Caltrans progress on Complete Streets
At the time Governor Newsom vetoed the Complete Streets Bill, Caltrans had a new leader, Toks Omishakin, who took Complete Streets seriously, overseeing a $100 million set aside in the State Highway Operation and Protection Program (SHOPP) budget for Complete Streets elements.
In 2021, Caltrans significantly improved its internal Complete Streets policy (DP-37). Specifically, it directed that “all transportation projects funded or overseen by Caltrans will provide comfortable, convenient, and connected complete streets facilities for people walking, biking, and taking transit or passenger rail unless an exception is documented and approved.” However, without codifying this internal policy into state law, the improvement is divorced from any real accountability.
In 2022, the agency developed two implementation tools to honor its ambitious changes.

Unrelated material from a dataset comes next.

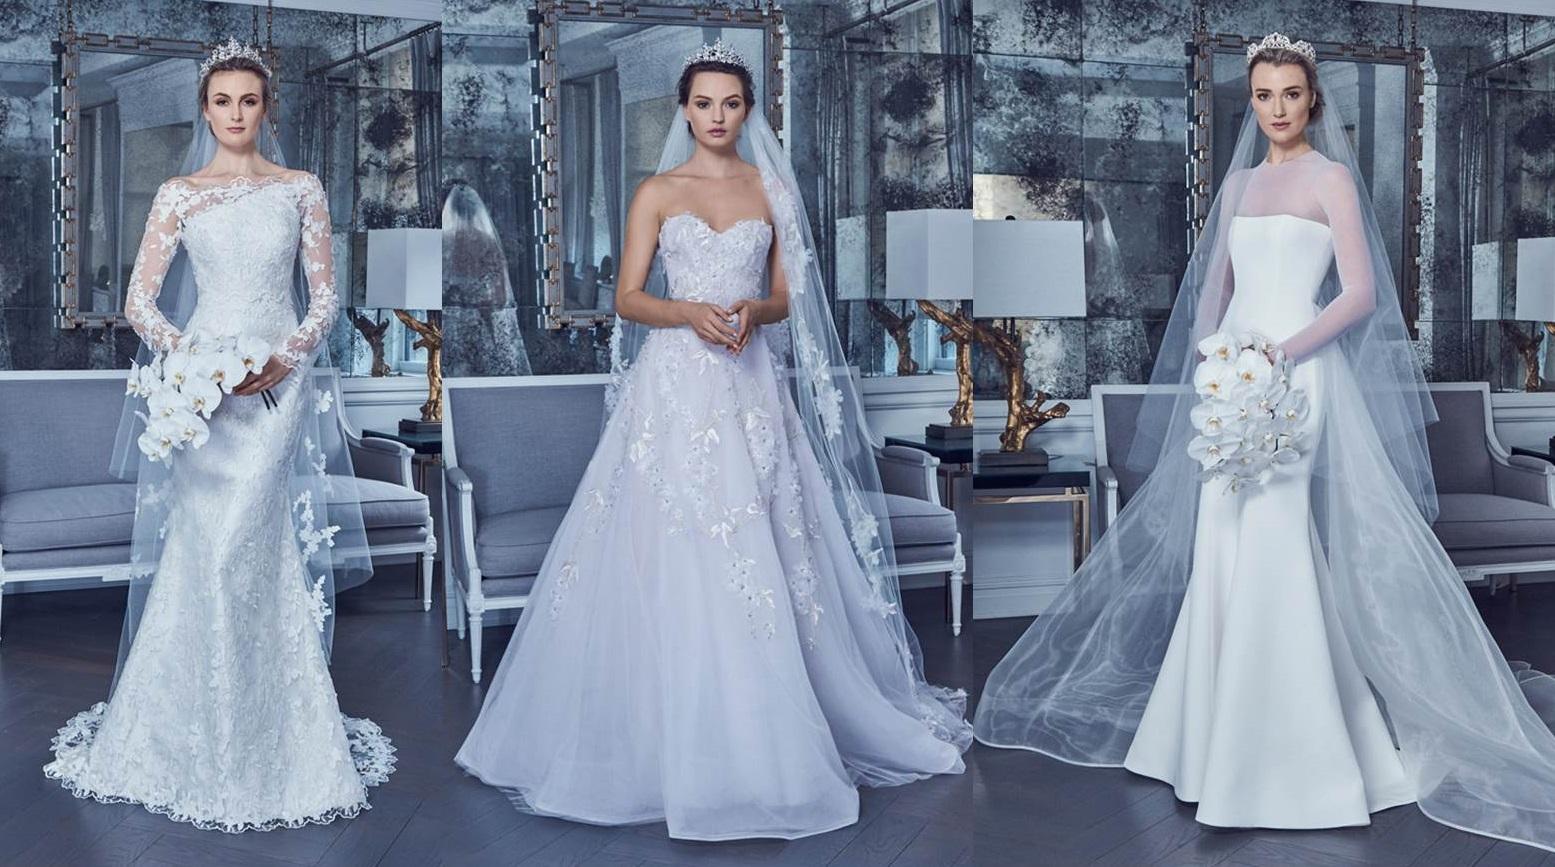 Abiti da sposa Romona Keveza 2019: la nuova collezione

Caltrans District-wide Active Transportation Plans (CAT Plans) chartered the course for district change, while headquarters released its Complete Streets Action Plan to track its progress.
Out of these efforts, Caltrans implemented a Complete Streets review process for its projects to evaluate whether a road segment includes people biking and walking and, if it does, what Complete Streets improvements could be included in the project. However, this process lacks one thing the Complete Streets Bill would have mandated: transparency. The bill would have required Caltrans to justify its decision when it didn’t include Complete Streets features and to hold a public hearing. Instead, Caltrans buries its process in long and complex documents that aren’t publicly available.
What’s next for Complete Streets
CalBike made a public records request and has received several hundred Caltrans planning documents that include Complete Streets decision forms. We’re reviewing them to understand the trends at the agency and whether it’s acting in the best interests of the citizens of California to make active transportation safer and more accessible. We also conducted a statewide survey to get feedback on the safety of state routes from people who bike and walk on them. We expect to share our data over the next few months as part of a renewed Complete Streets Campaign.
We are also working with legislative champions and our allies to introduce real mandates and accountability. We appreciate our elected leaders who continue to prioritize making our fastest roadways safe for people who get around by bike or on foot.
Caltrans was originally the Department of Highways, and changing the culture of freeway-building that’s ingrained at the agency is not quick or easy. It is, however, imperative. Recently, scientists warned that we have just six years before the Earth reaches the 1.5 degrees Celsius of warming considered to be the threshold we shouldn’t pass.
We must change our transportation patterns now if we’re serious about combating climate change. And that means changing California’s department of highways, freeway-building, smog creation, and traffic inducement into the department of low- and no-carbon transportation, active mobility, public transportation, connection, health, and joy. At CalBike, we’re pushing hard to make that transition a reality.